Дима Дубко хихикнул, за ним потянулись его дружки – и вот уже хохотал весь средний ряд, который компания Дубко оккупировала с начала года и куда они никого не пускали, оставив в покое только отличников с первой парты. Дубко выкрикивал дурацкие рифмы к слову «жонгляж». В общем гаме Оле удалось услышать «беляш», «ералаш», а еще что-то матерное, обидное и вовсе не заслуженное.
– Хватит! – Ирина Константиновна крикнула и тут же покраснела. Вена у виска вздувалась, выбившиеся из прически волосы поднимались и опадали, как парус у регаты. – Хватит, я сказала!

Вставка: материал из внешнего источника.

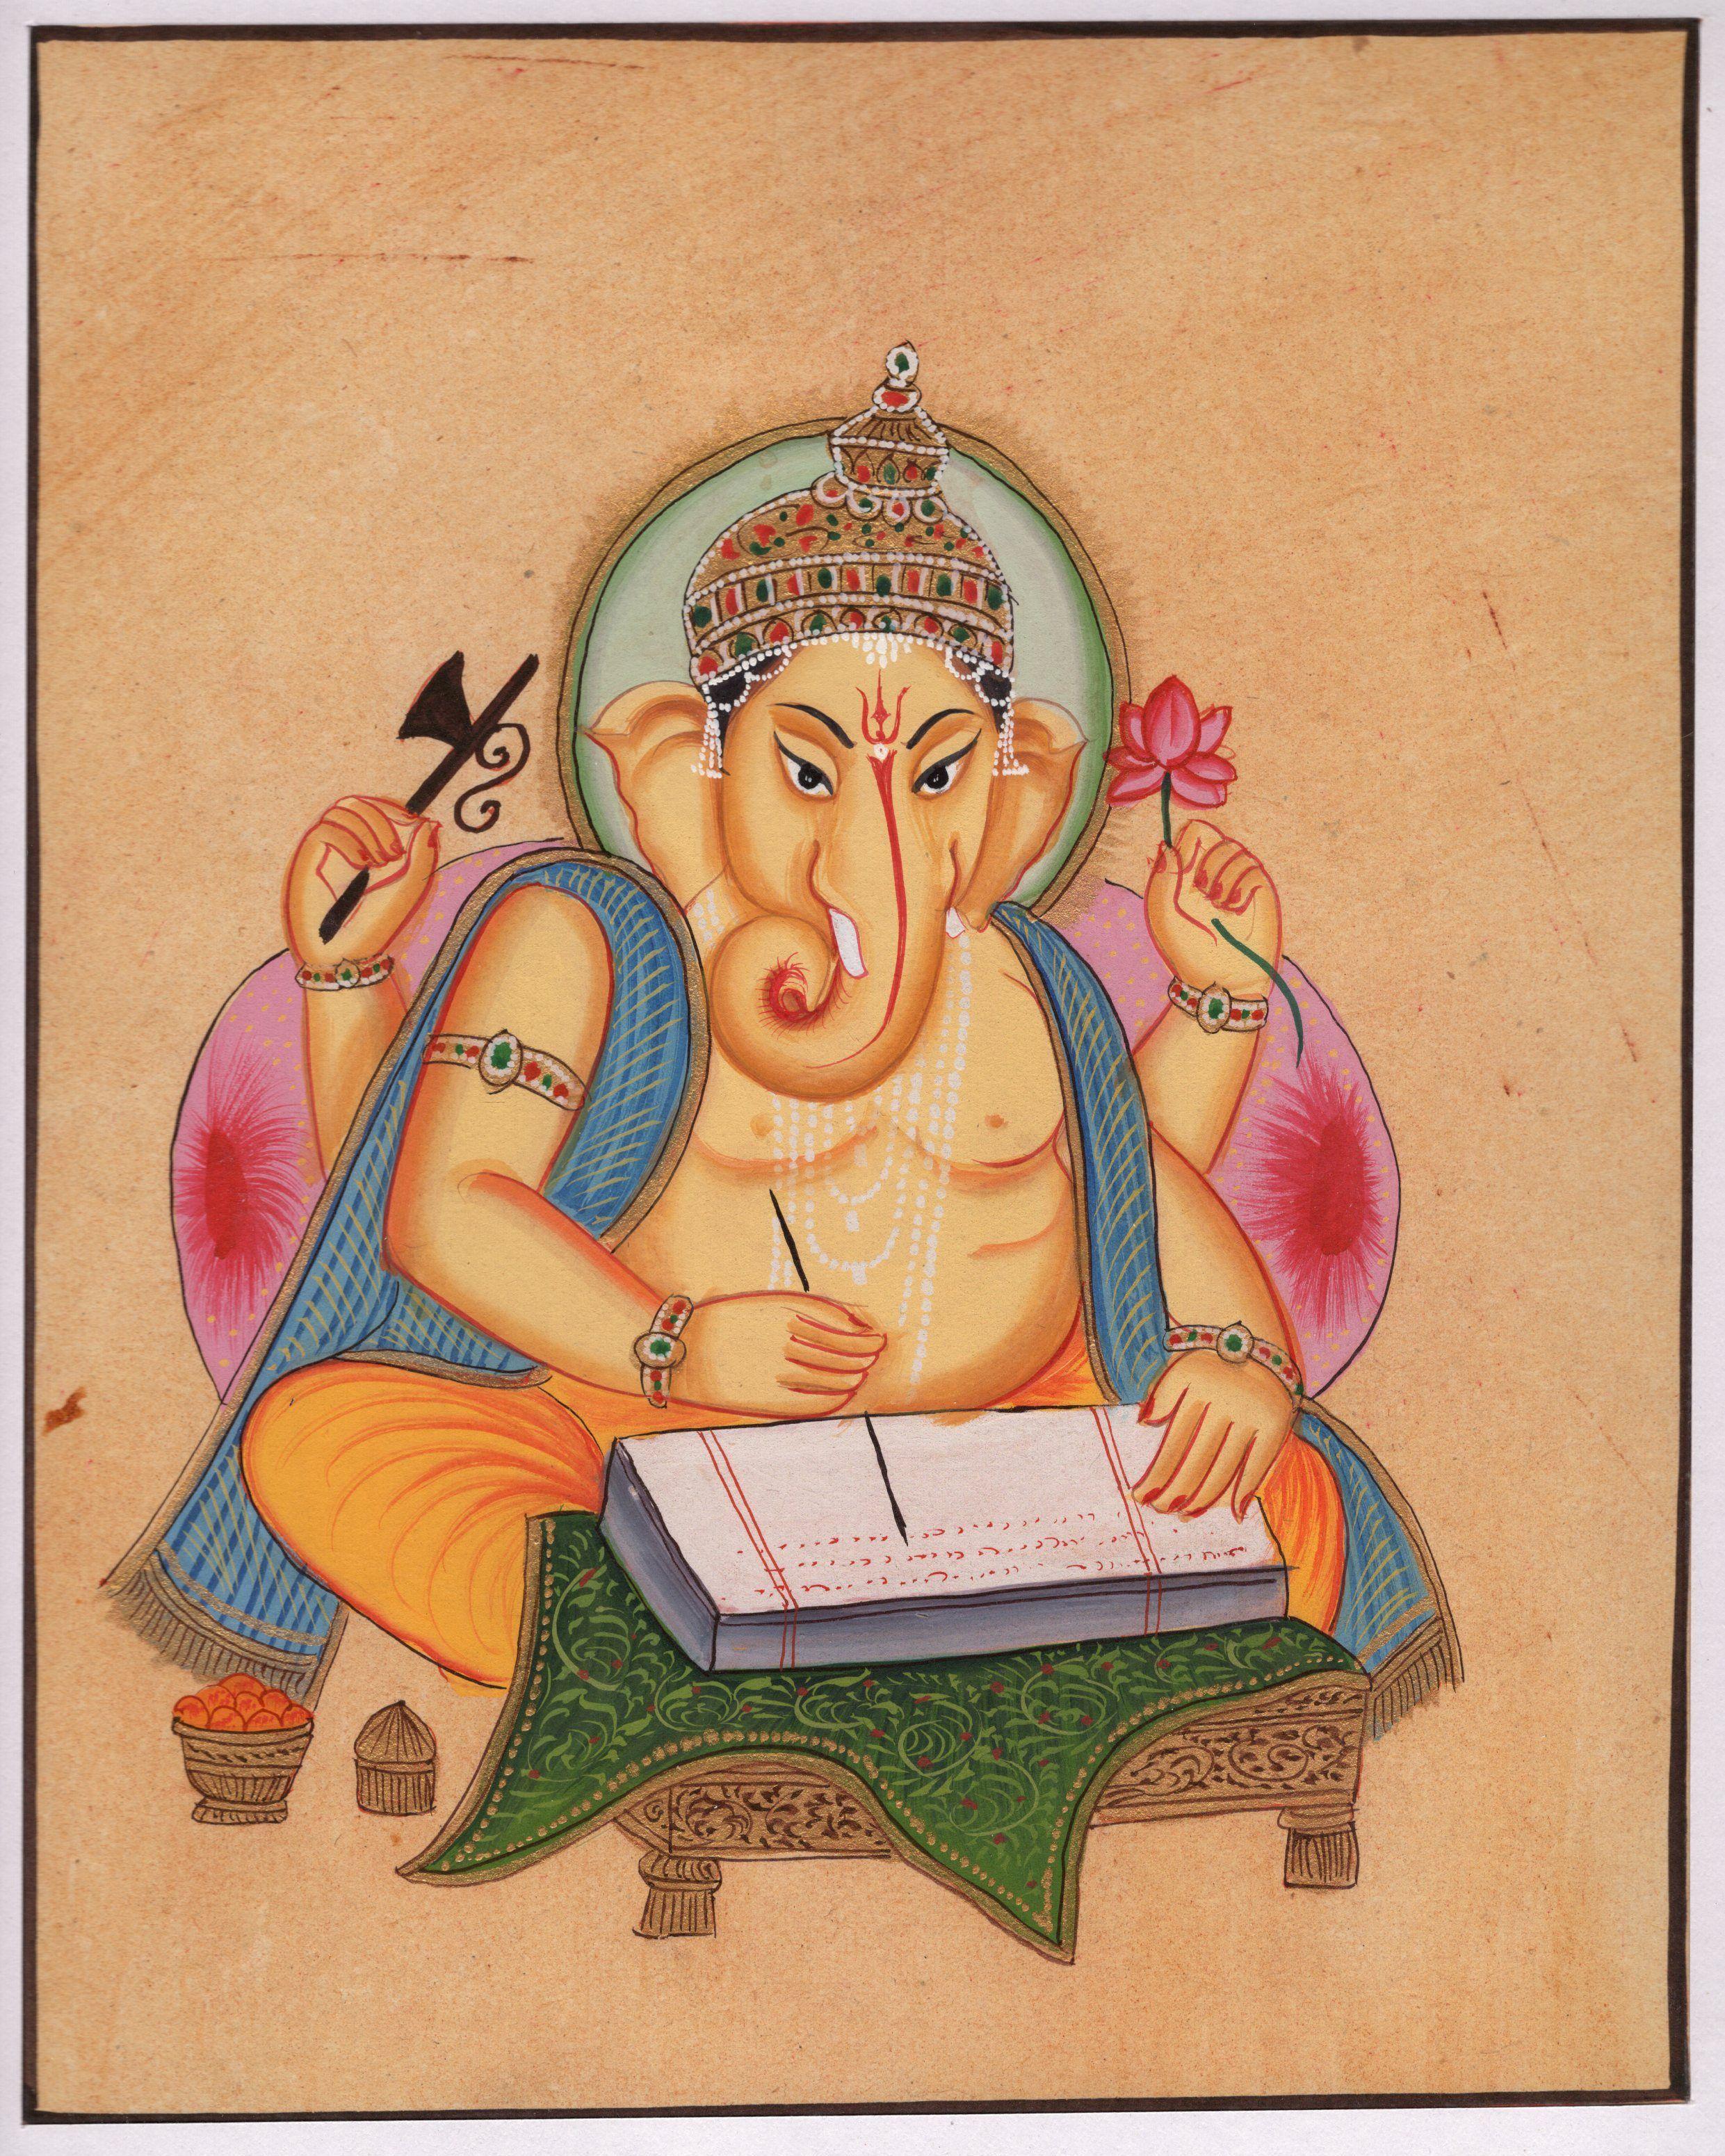 lord ganesha n miniature painting handmade ganesh hindu lord ganesha n miniature painting handmade ganesh hindu religion art

Вы! – Она ткнула пальцем в Олю, а затем в Жорика. – После урока остаетесь убирать класс, а сейчас –
Ирина Константиновна вернулась к доске и продолжила урок, а Оля так и сидела, поджав пальцы на ногах. В виске громко стучало, будто бы маленькая птичка поселилась под кожей, выросла и теперь все сильнее рвалась на свободу.
На перемене Жорик предпринял попытку слинять и предложил Оле сделать то же самое. Ирина Константиновна поймала обоих на первом этаже: схватила Жорика за рукав здоровой руки.
– Я так и знала! – произнесла она свою любимую фразу (не было, видимо, в мире вещей ей неизвестных). – А полы за тобой и твоей подружкой я мыть буду?
Ирина Константиновна кивнула на ноги Оли. Огромные черные ботинки, которые она донашивала за Владом, мало походили на «сменку». Под партой даже осталась небольшая лужа, которую Оля пыталась размазать по полу теми же ботинками – может, быстрее высохнет? – но лужа не высыхала, а только растекалась все шире.
– Оба – за мной!
За спиной у них хихикали. Это Дима Дубко с дружками подглядывали из гардеробной. У Оли снова зачесалось, заскребло в горле, и она цапнула ногтем едва засохшую корочку от заусенца на большом пальце. Вломить бы им! Оля вспомнила, как плакал Влад после ее оплеухи, как жаловался папе. Вломить бы. Оля остановилась и зажмурилась: вот она виснет на подвижной вешалке школьного гардероба, раскачивается и пинает Дубко ногами в живот; вот он отлетает к стене, а Оля спрыгивает рядом и бьет его сменкой по голове… Хихиканье за спиной не прекращалось, не утихало. Оля открыла глаза. Ирина Константиновна и Жорик подходили к директорской. Оля догнала их и юркнула внутрь под рукой учительницы. Ирина Константиновна цыкнула и закатила глаза.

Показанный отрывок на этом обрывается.